Use Dijkstra's to find a Minimum Spanning Tree?

Question

Dijkstra's is typically used to find the shortest distance between two nodes in a graph. Can it be used to find a minimum spanning tree? If so, how?

Edit: This isn't homework, but I am trying to understand a question on an old practice exam.

Answer 1

Strictly, the answer is no. Dijkstra's algorithm finds the shortest path between 2 vertices on a graph. However, a very small change to the algorithm produces another algorithm which does efficiently produce an MST.

The Algorithm Design Manual is the best book I've found to answer questions like this one.

Answer 2

The answer is no. To see why, let's first articulate the question like so:

Q: For a connected, undirected, weighted graph G = (V, E, w) with only nonnegative edge weights, does the predecessor subgraph produced by Dijkstra's Algorithm form a minimum spanning tree of G?

(Note that undirected graphs are a special class of directed graphs, so it is perfectly ok to use Dijkstra's Algorithm on undirected graphs. Furthermore, MST's are defined only for connected, undirected graphs, and are trivial if the graph is not weighted, so we must restrict our inquiry to these graphs.)

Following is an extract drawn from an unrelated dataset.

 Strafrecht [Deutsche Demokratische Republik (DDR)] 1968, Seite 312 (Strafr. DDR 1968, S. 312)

A: Dijkstra's Algorithm at every step greedily selects the next edge that is closest to some source vertex s. It does this until s is connected to every other vertex in the graph. Clearly, the predecessor subgraph that is produced is a spanning tree of G, but is the sum of edge weights minimized?

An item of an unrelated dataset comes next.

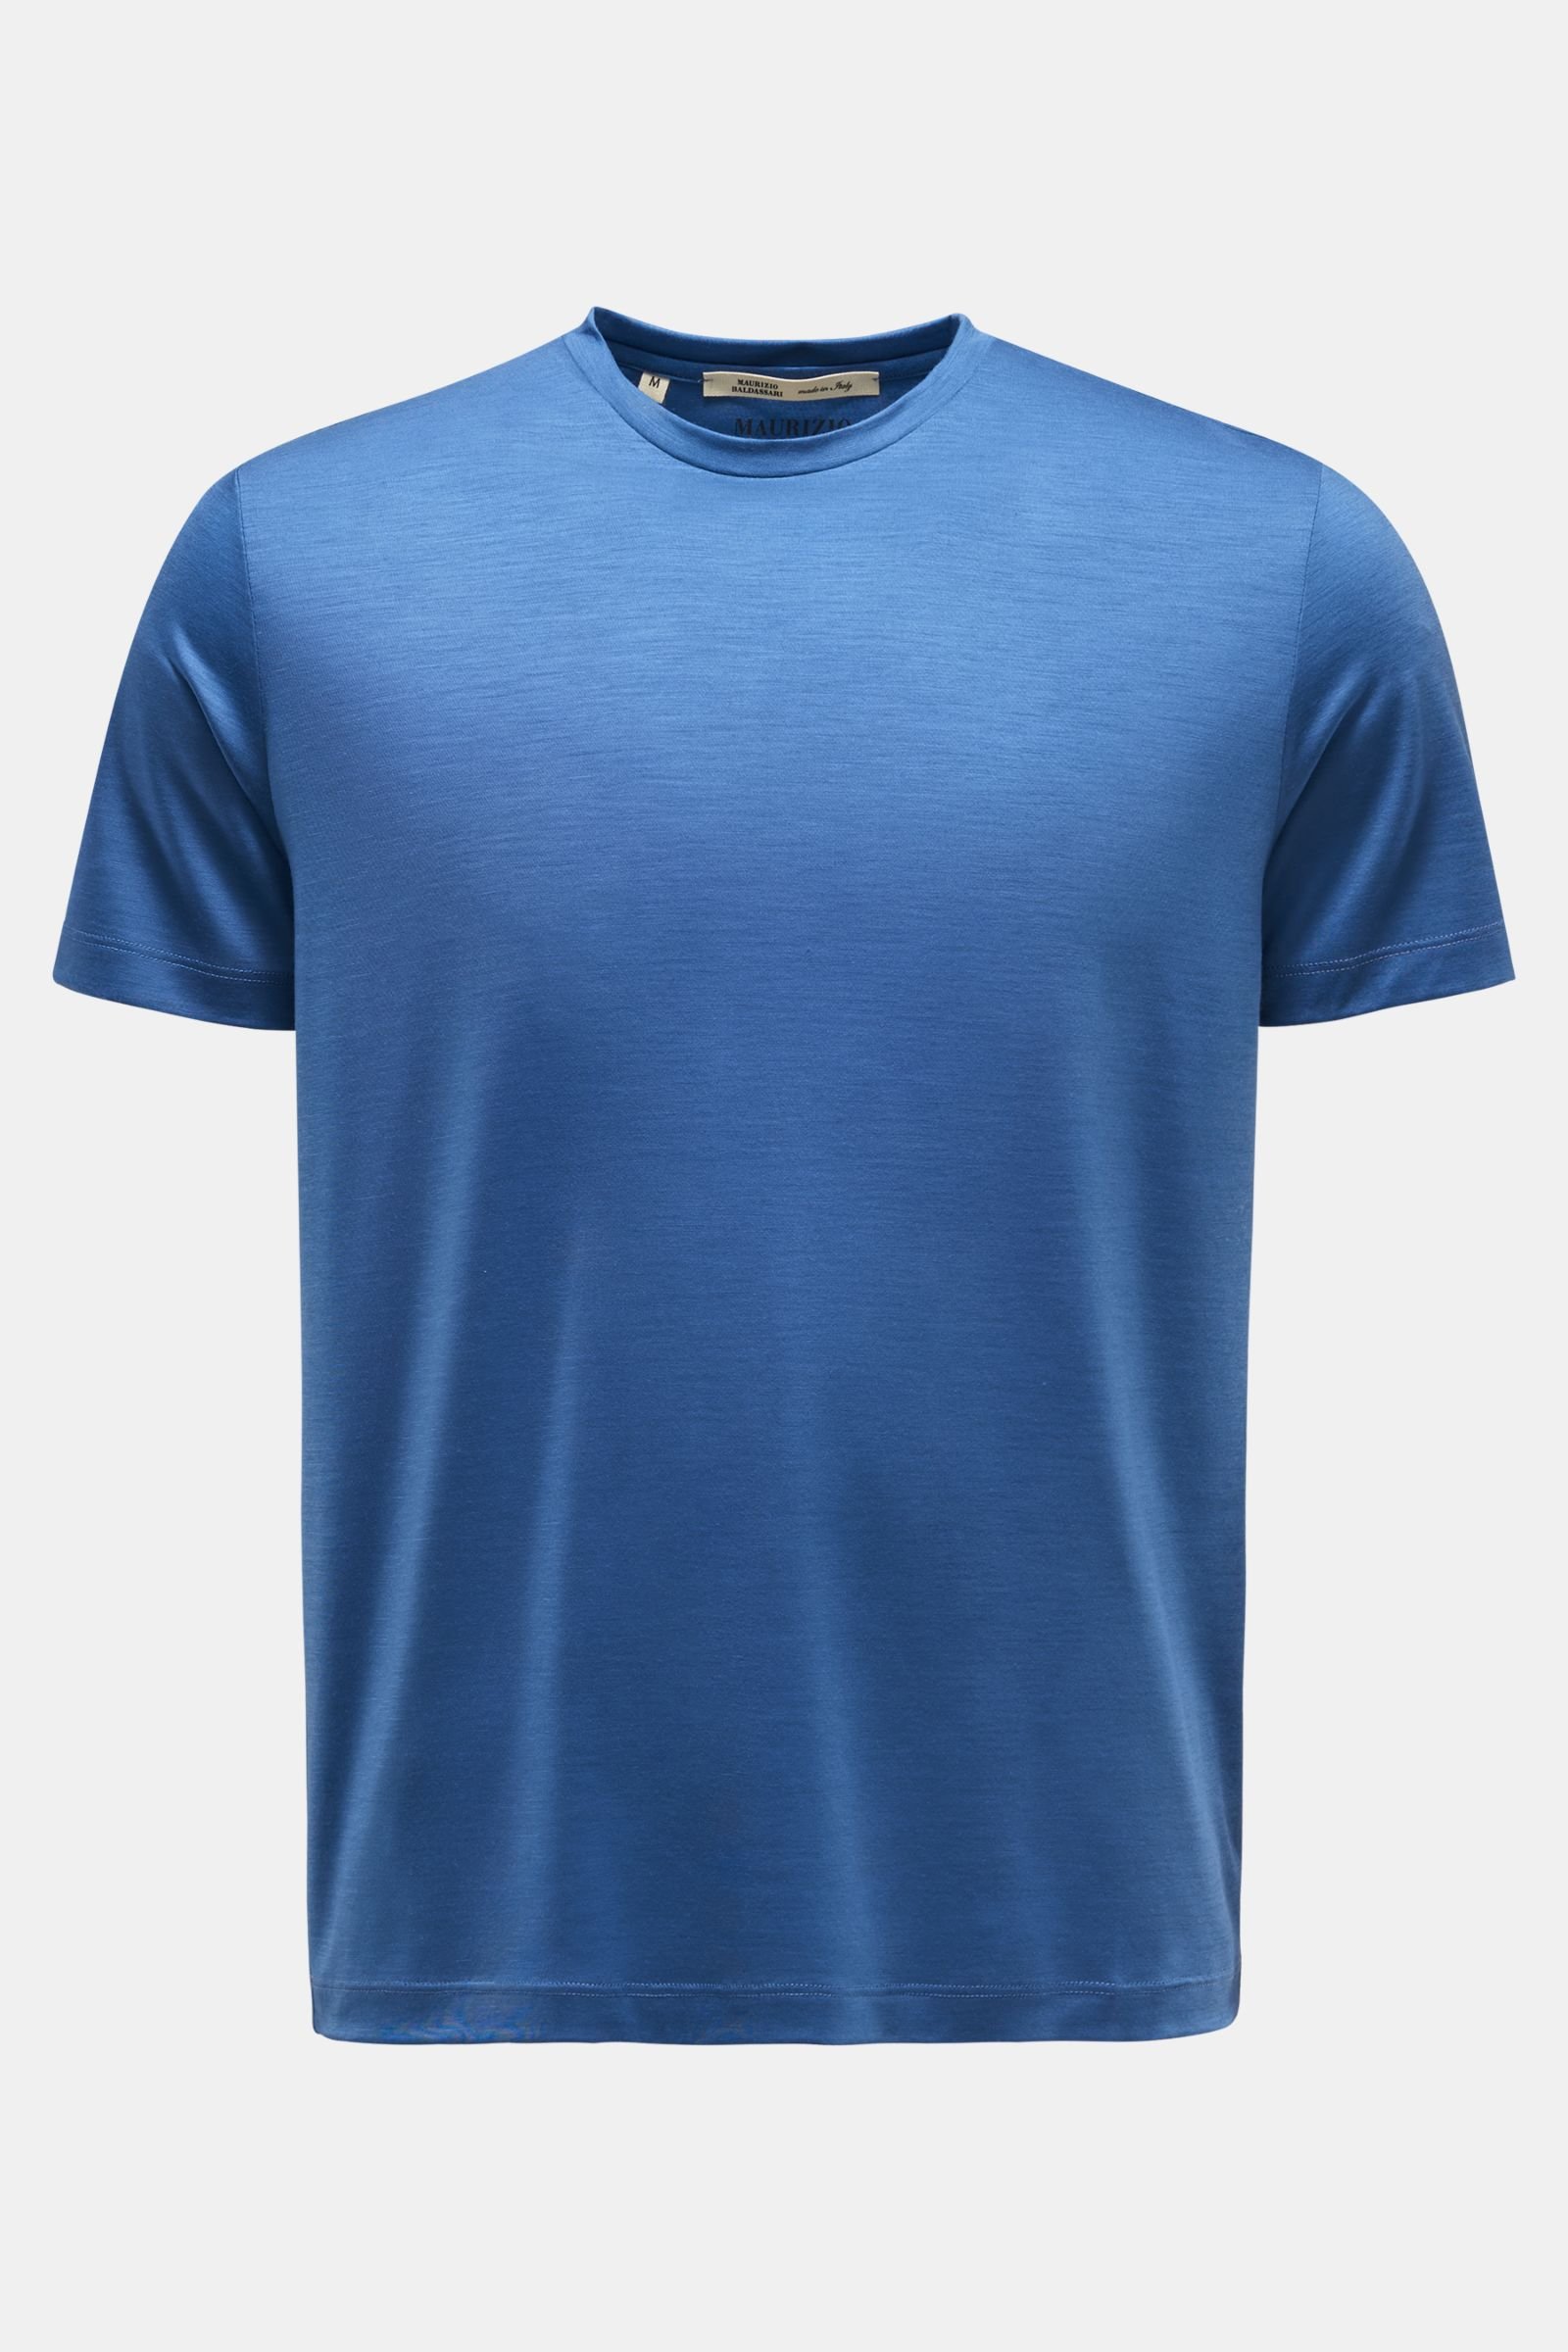 Rundhals-T-Shirt blau

Prim's Algorithm, which is known to produce a minimum spanning tree, is highly similar to Dijkstra's Algorithm, but at each stage it greedily selects the next edge that is closest to any vertex currently in the working MST at that stage. Let's use this observation to produce a counterexample.

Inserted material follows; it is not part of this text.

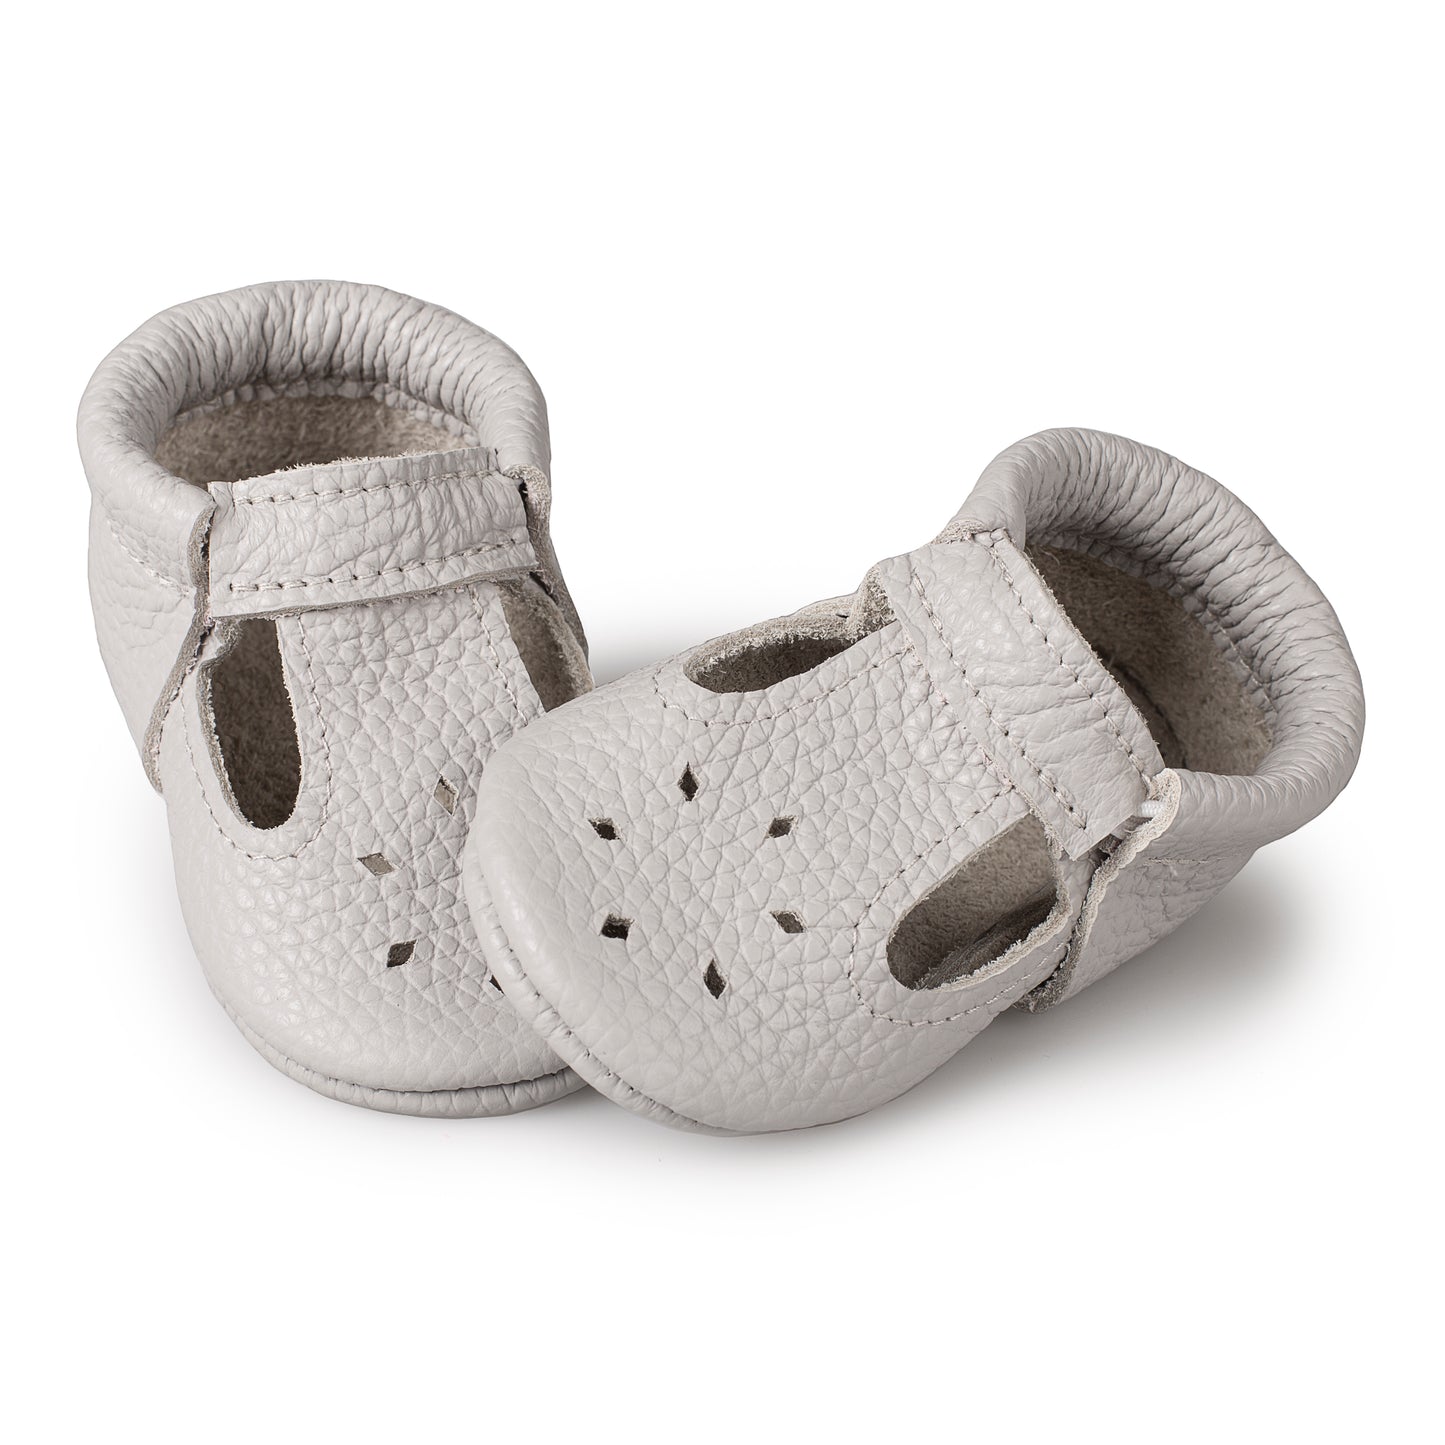 Durable Baby Footwear

Counterexample: Consider the undirected graph G = (V, E, w) where

V = { a, b, c, d }

E = { (a,b), (a,c), (a,d), (b,d), (c,d) }

w = { ( (a,b) , 5 ) ( (a,c) , 5 ) ( (a,d) , 5 ) ( (b,d) , 1 ) ( (c,d) , 1 ) }

Take a as the source vertex.

Dijkstra's Algorithm takes edges { (a,b), (a,c), (a,d) }.
Thus, the total weight of this spanning tree is 5 + 5 + 5 = 15.

Prim's Algorithm takes edges { (a,d), (b,d), (c,d) }.
Thus, the total weight of this spanning tree is 5 + 1 + 1 = 7.

Answer 3

Prim's algorithm uses the same underlying principle as Dijkstra's algorithm.

Answer 4

I'd keep to a greedy algorithm such as Prim's or Kruskal's. I fear Djikstra's won't do, simply because it minimizes the cost between pairs of nodes, not for the whole tree.

Answer 5

Of course, It's possible to use Dijkstra for minimum spanning tree:

dijsktra(s):
dist[s] = 0;
while (some vertices are unmarked) {
    v = unmarked vertex with 
    smallest dist;
    Mark v; // v leaves “table”
    for (each w adj to v) {
        dist[w] = min[ dist[w], dist[v] + c(v,w) ];
    }
}

Here is an example of using Dijkstra for spanning tree:

You can find further explanation in Foundations of Algorithms book, chapter 4, section 2.

Hope this help